#### YOUR ASSIGNMENT
Please reproduce the lines from the one containing "BUDSFEED - HOW IT STARTED" through the end of the data below exactly as they stand, and omit all pictures.

#### DATA SECTION
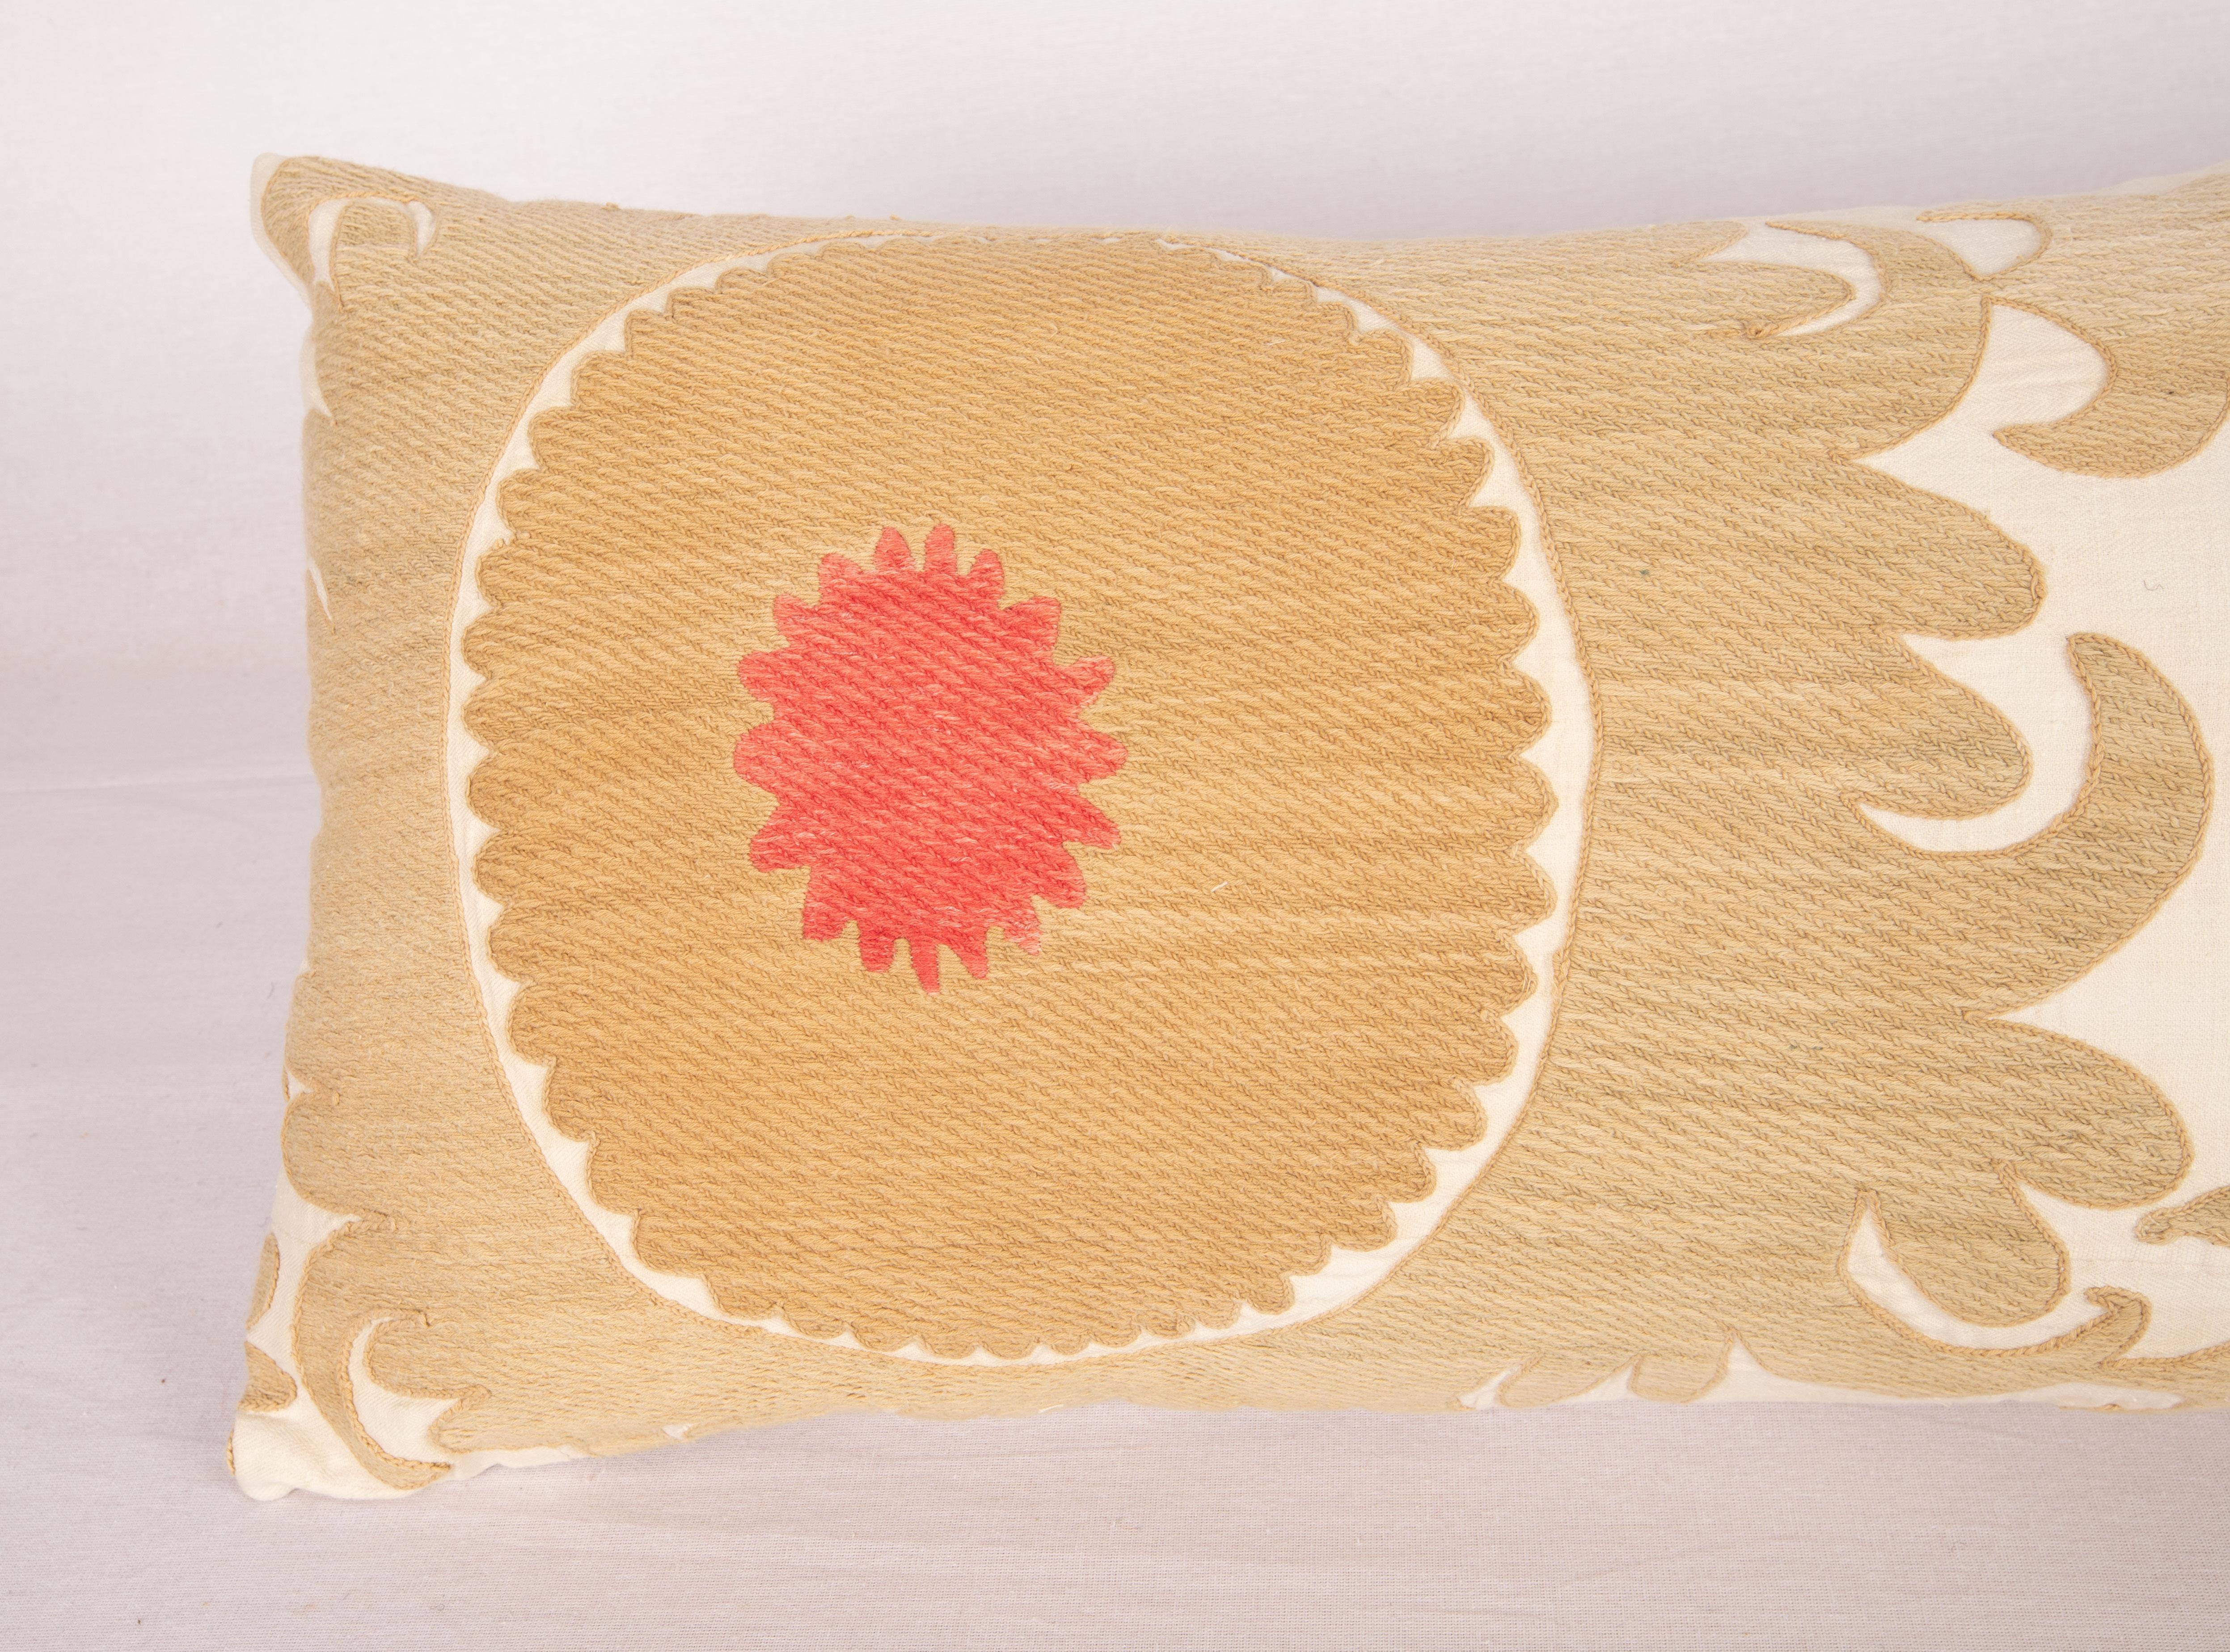 Embroidered Vintage Suzani Lumbar Pillow Case, Mid 20th C.
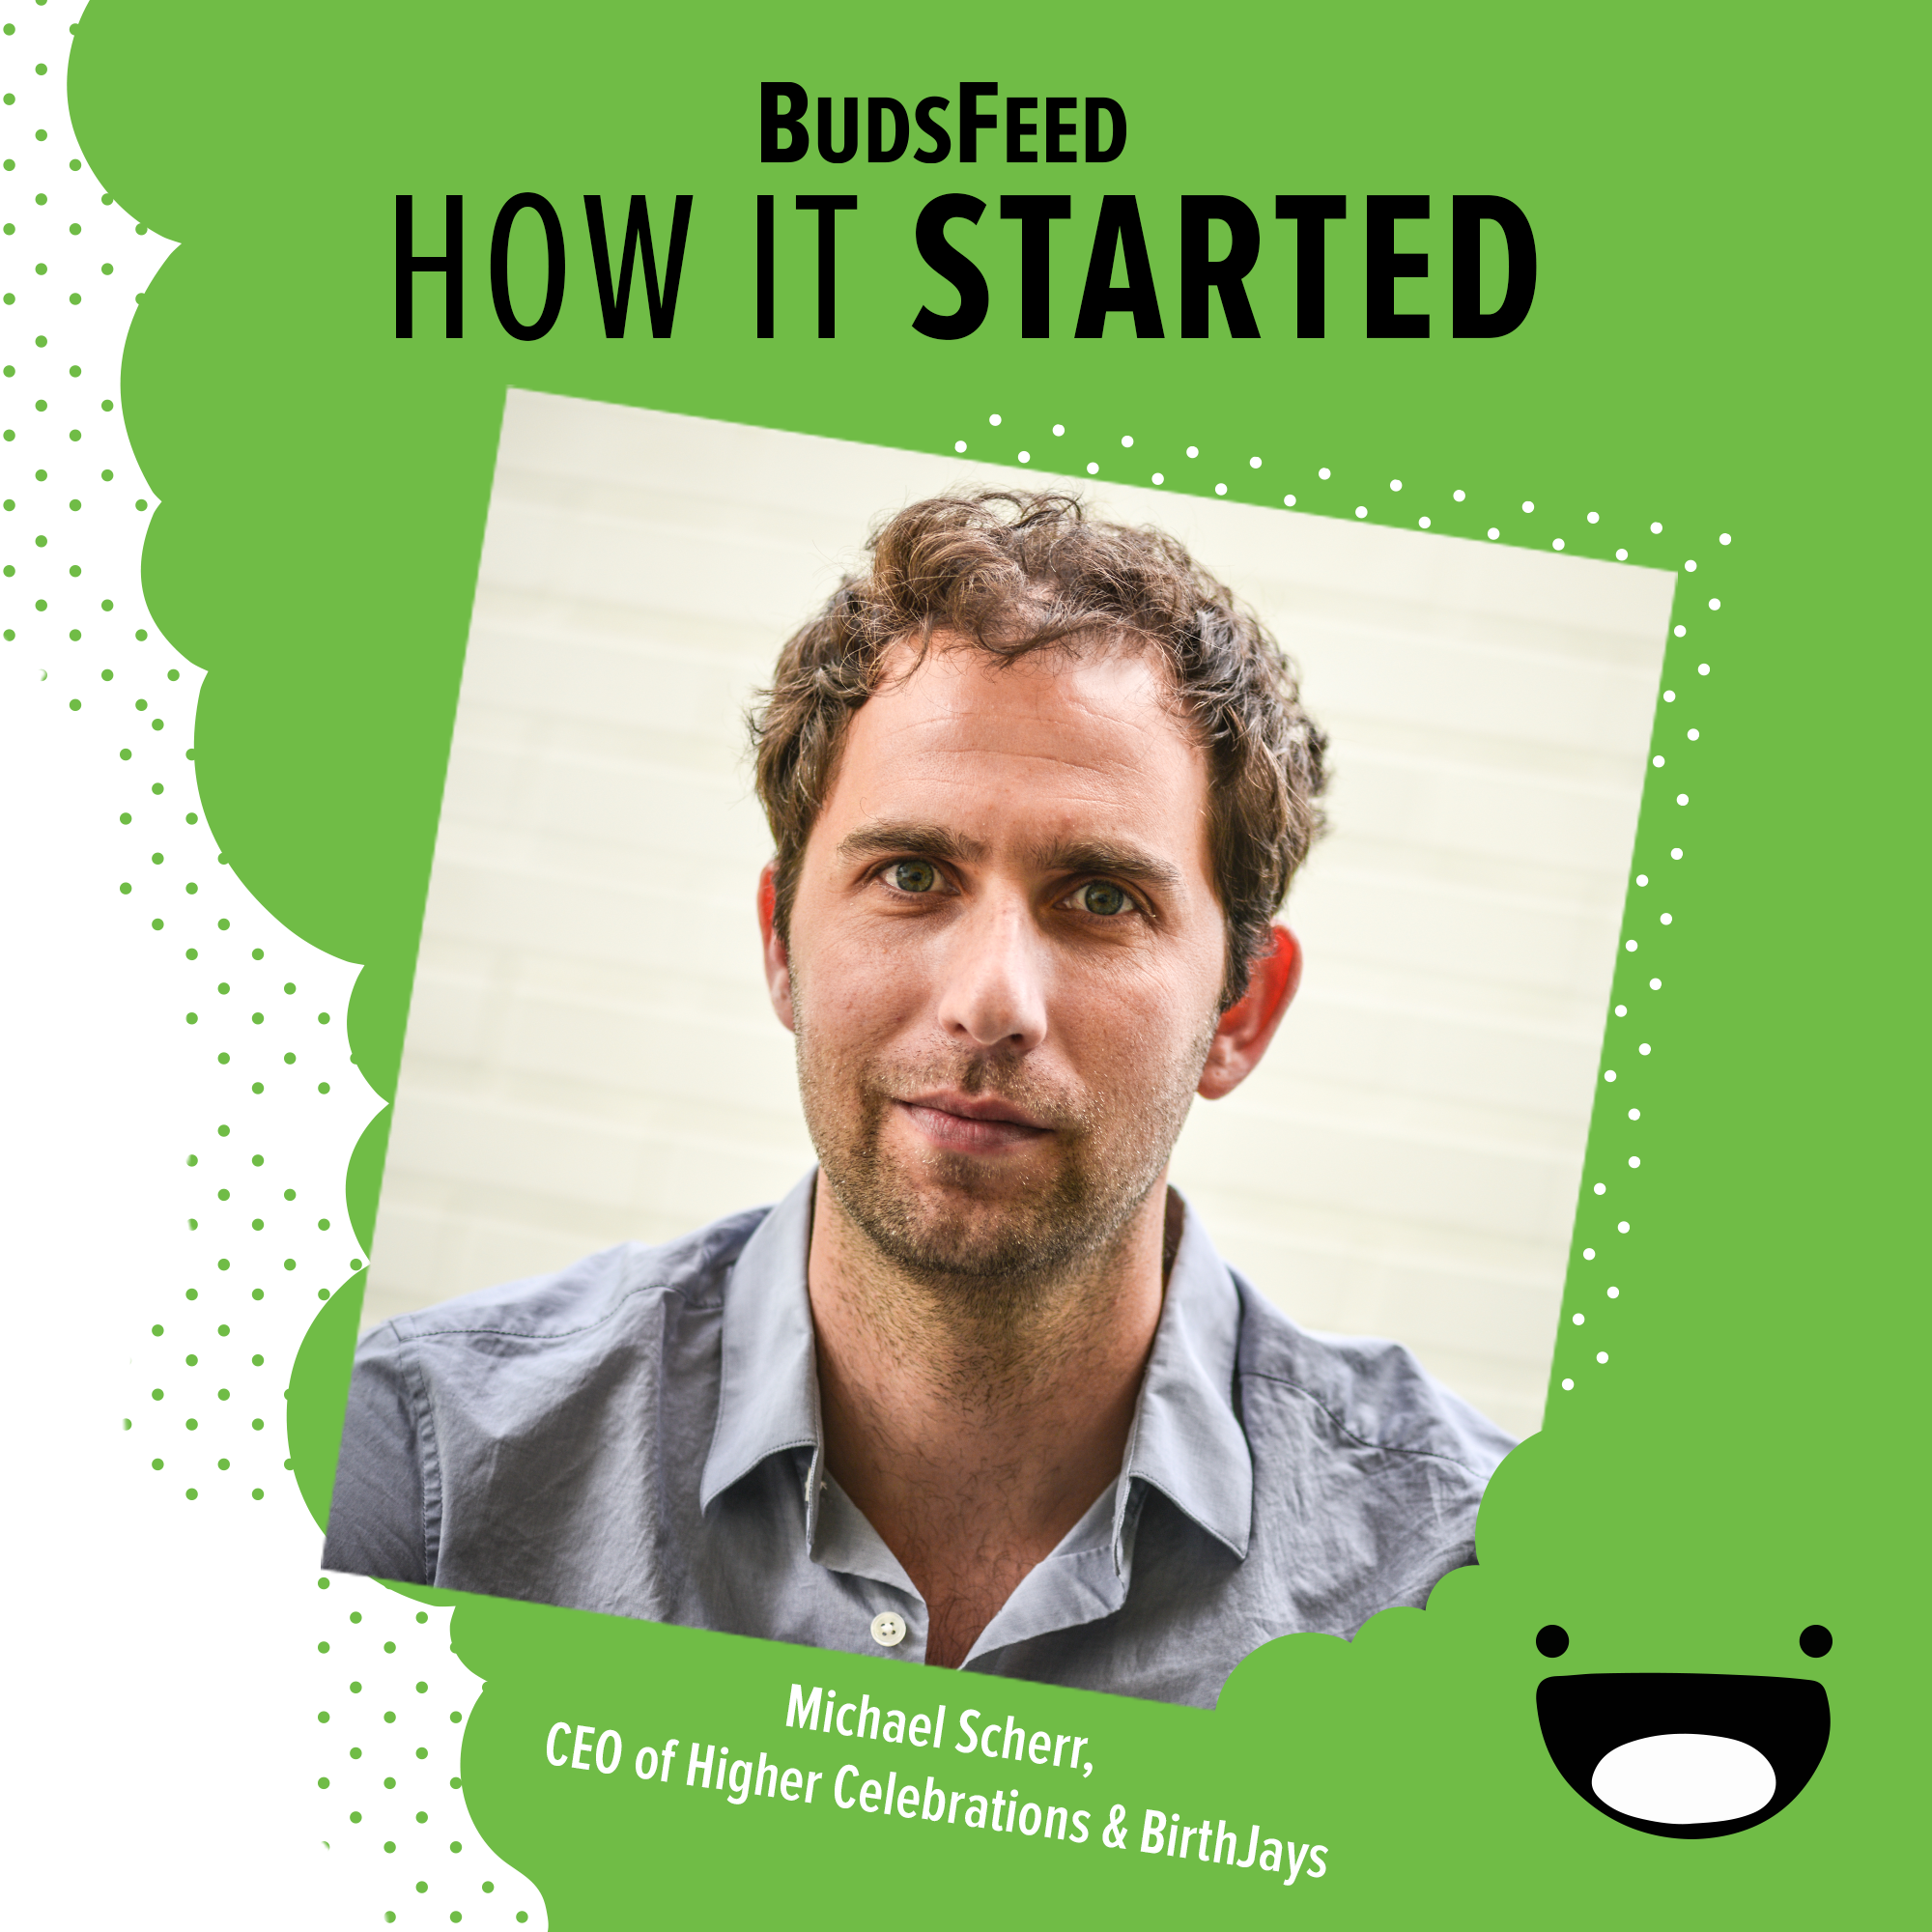 BUDSFEED - HOW IT STARTED
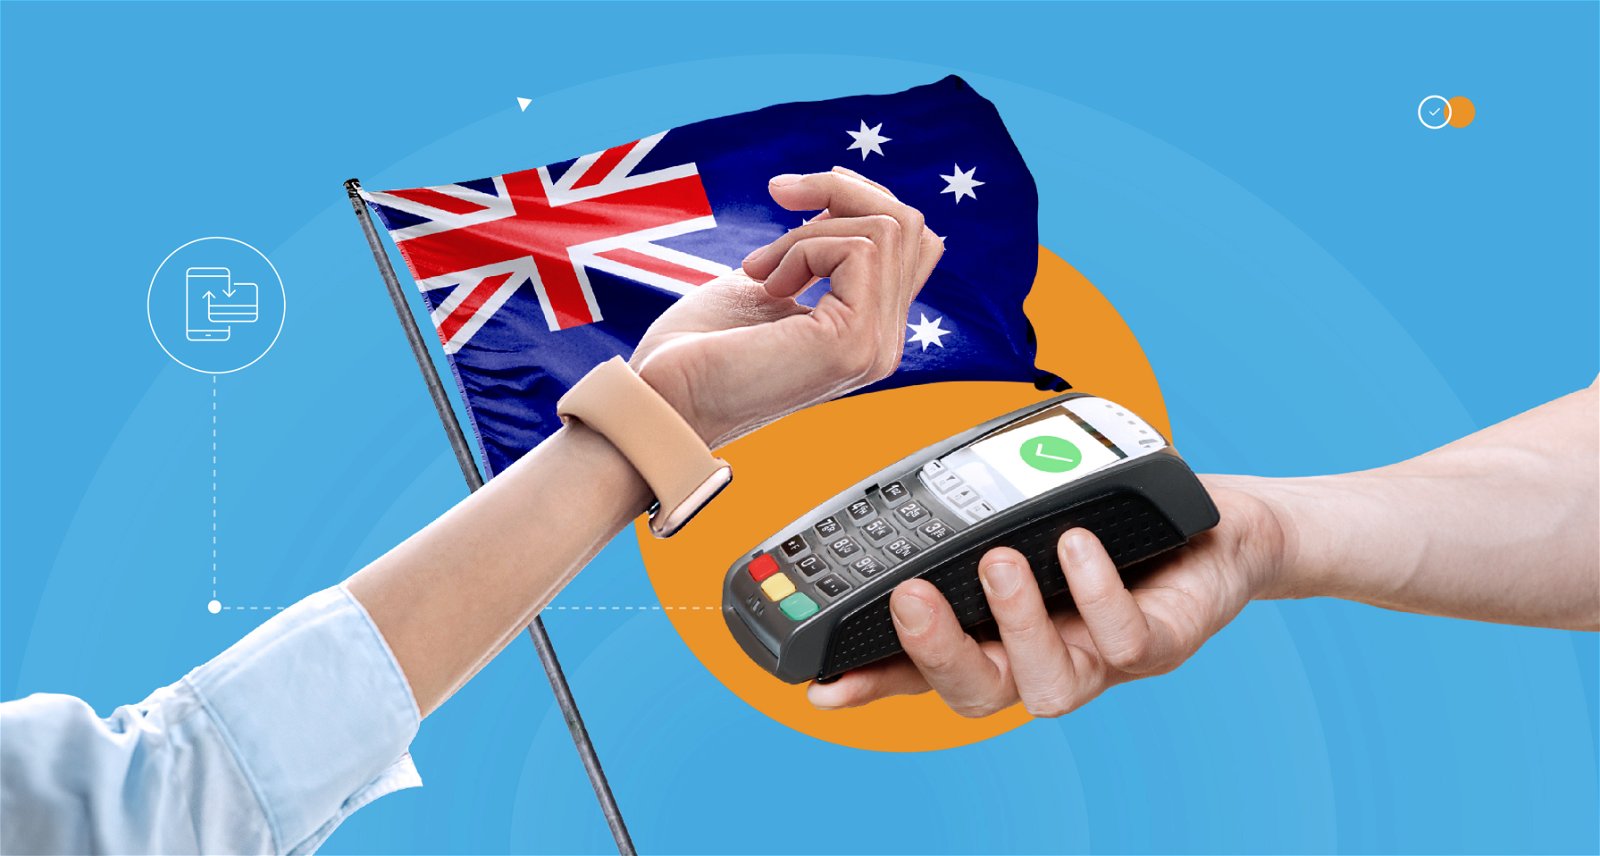 Disrupting the Contactless Payments Market in Australia

#### RESPONSE TO THIS EXERCISE
 BUDSFEED - HOW IT STARTED
 Disrupting the Contactless Payments Market in Australia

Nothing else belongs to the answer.